Set down the data again word for word. Skip any pictures.

## [Provided data]
════════

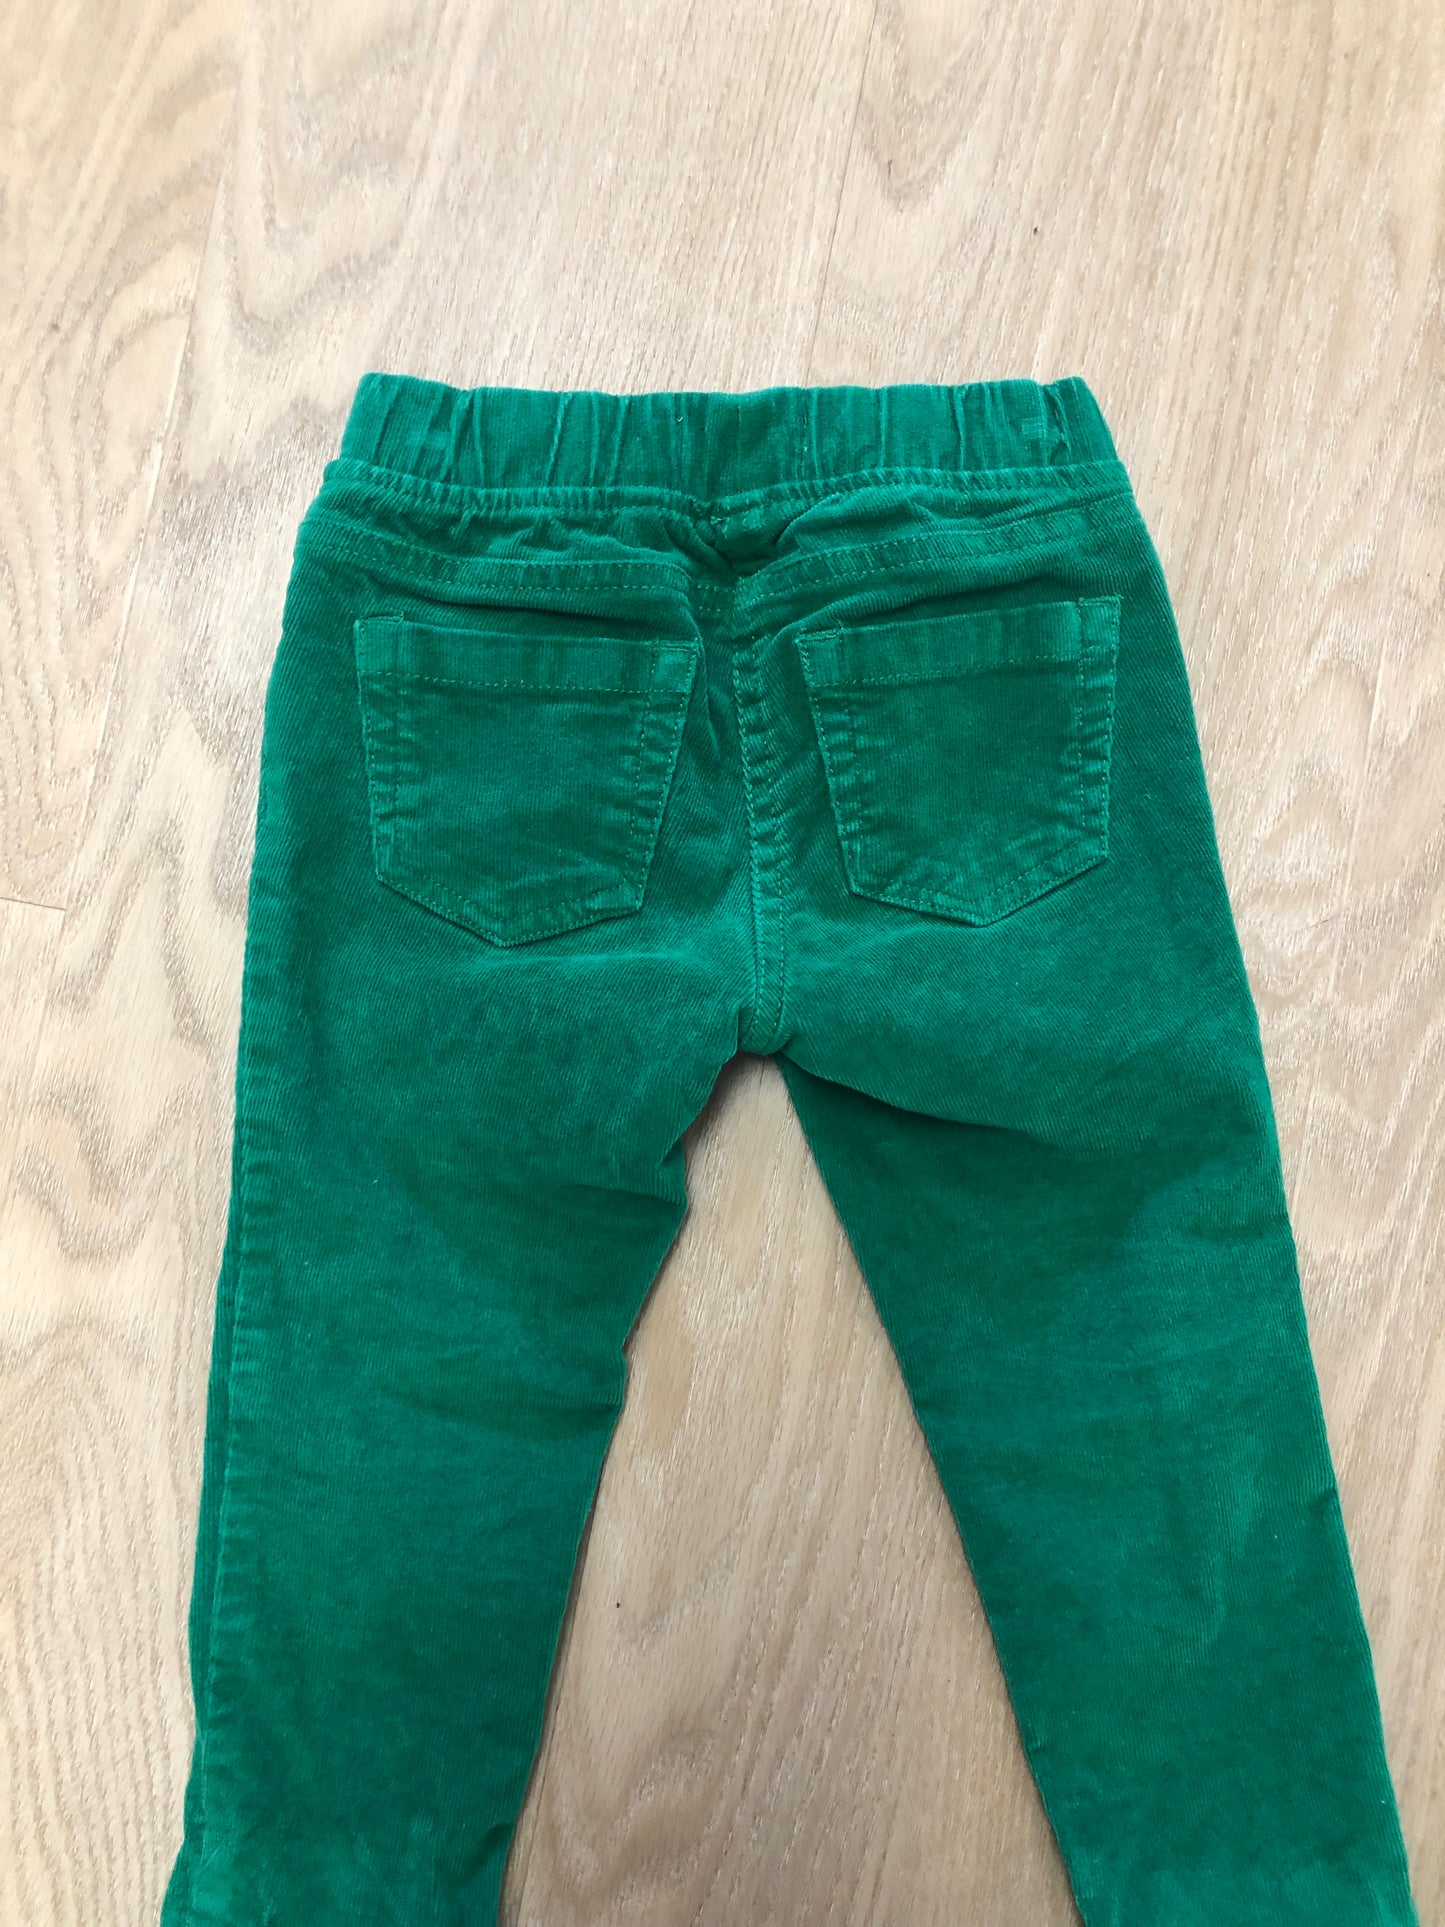 mini boden Child Size 3T Green corduroy Pants
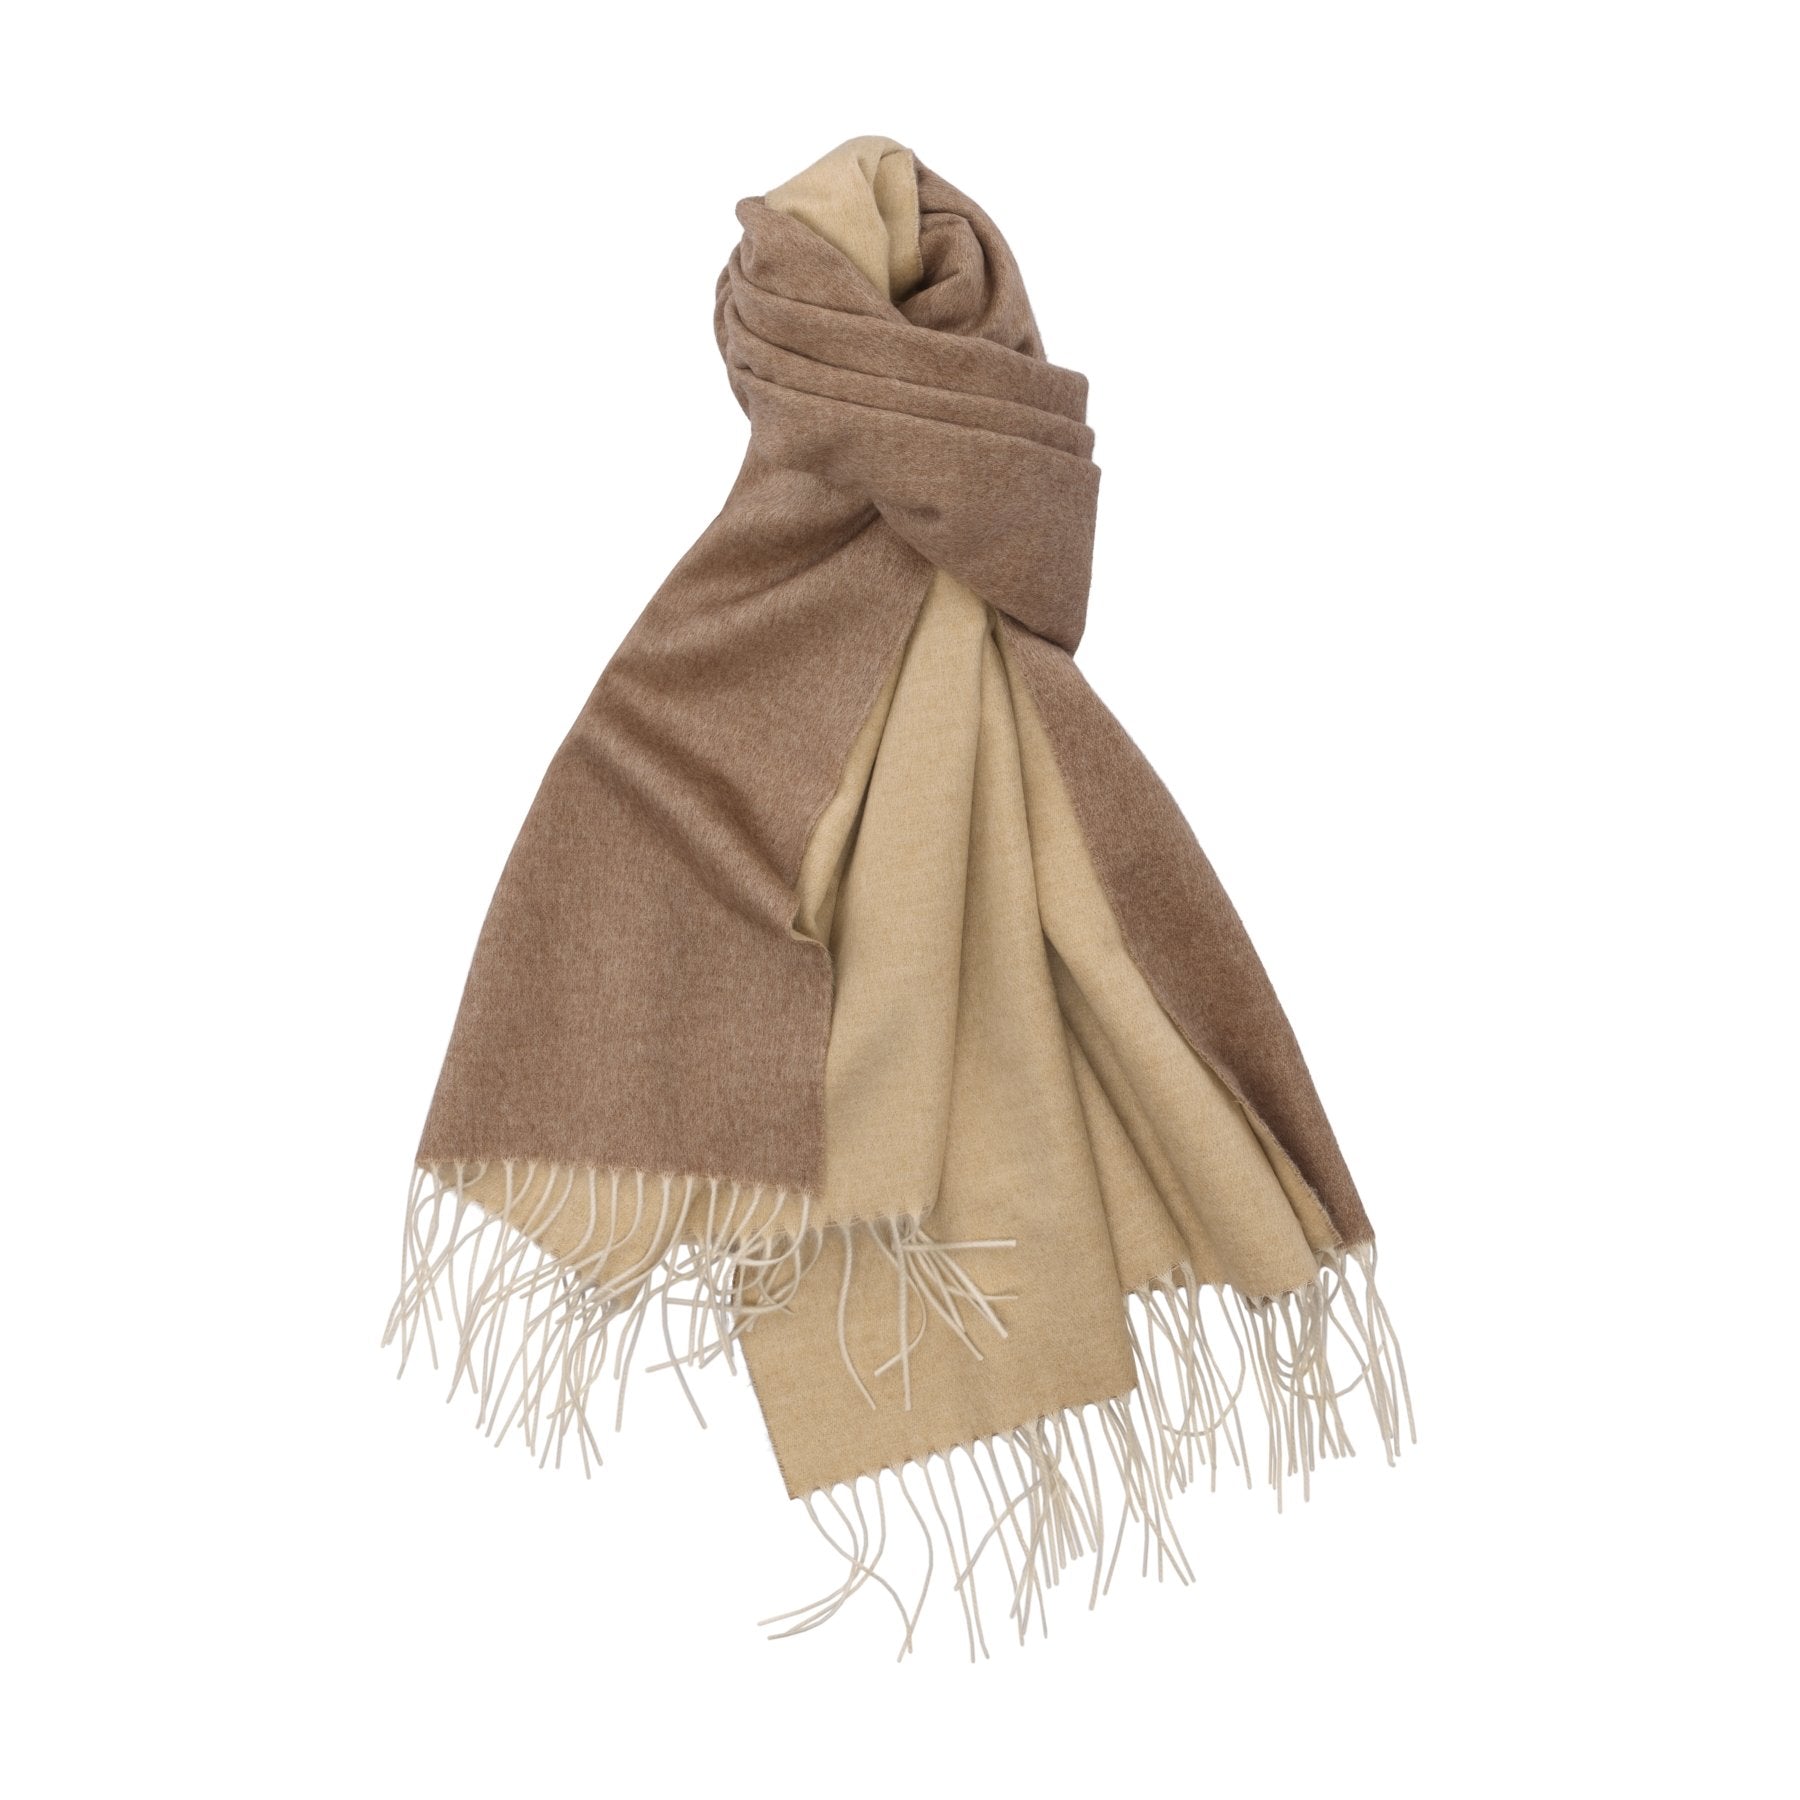 Cashmere scarf in beige tones
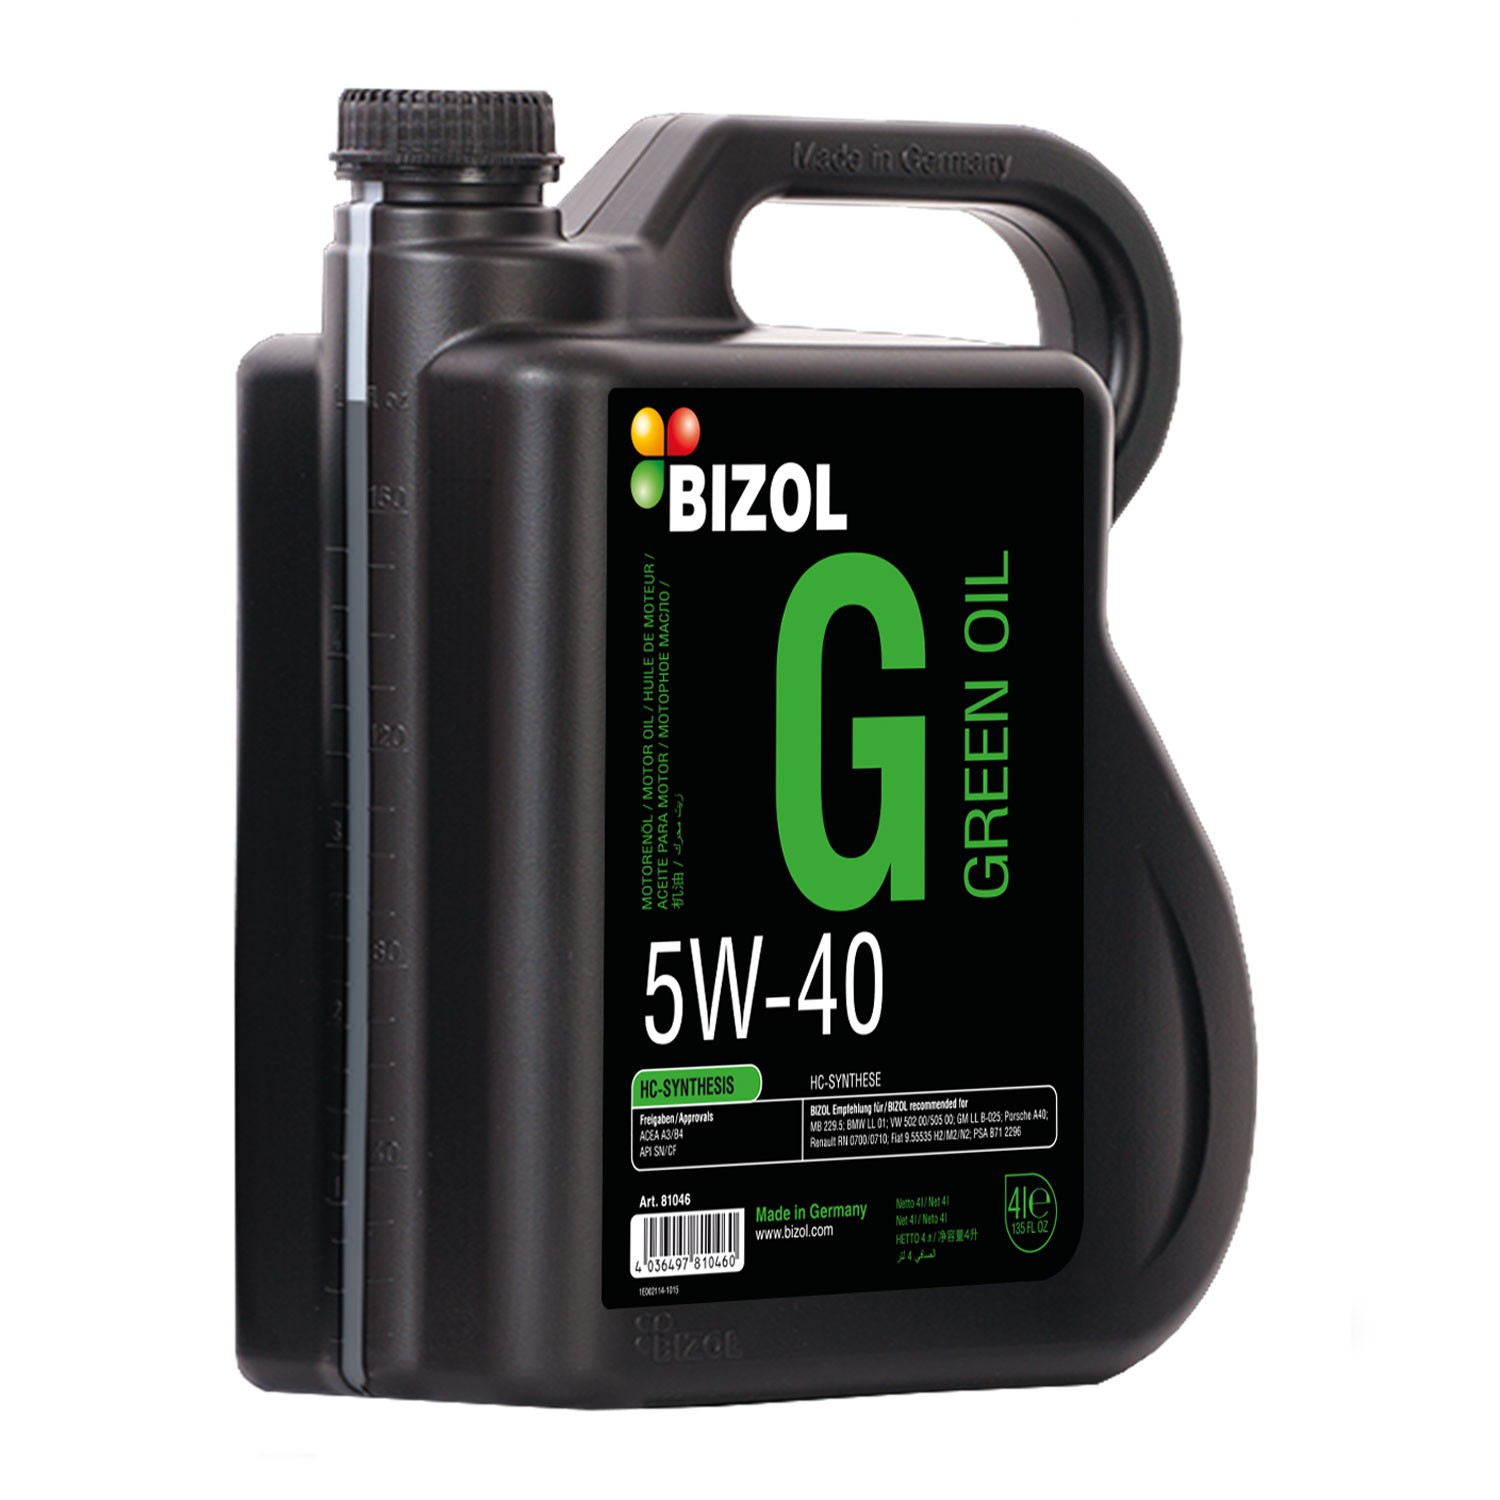 BIZOL Green Oil 5W-40
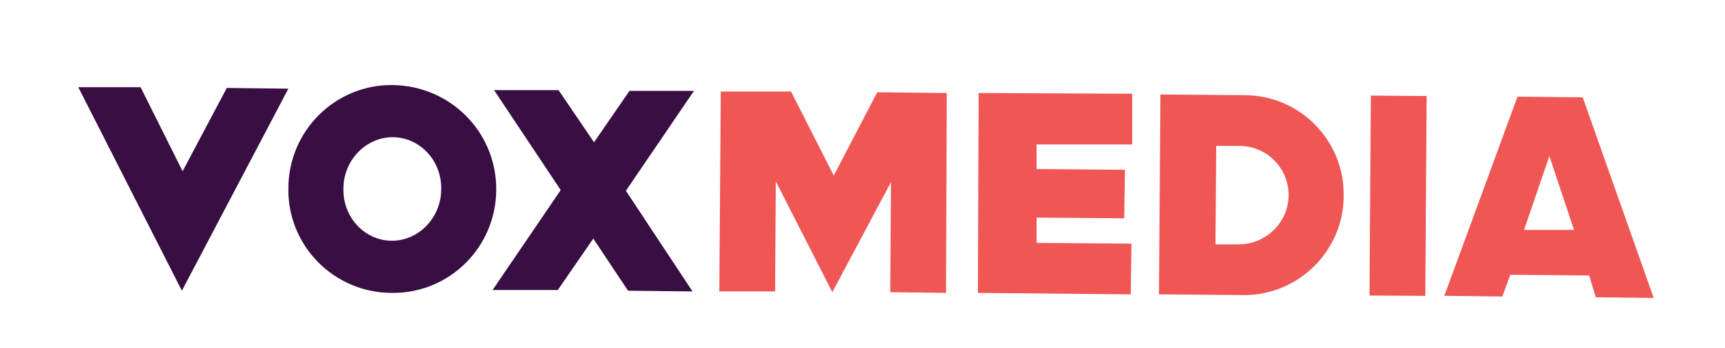 Vox_Media-Logo

════════

## [Final answer]
 mini boden Child Size 3T Green corduroy Pants
 Cashmere scarf in beige tones
 BIZOL Green Oil 5W-40
 Vox_Media-Logo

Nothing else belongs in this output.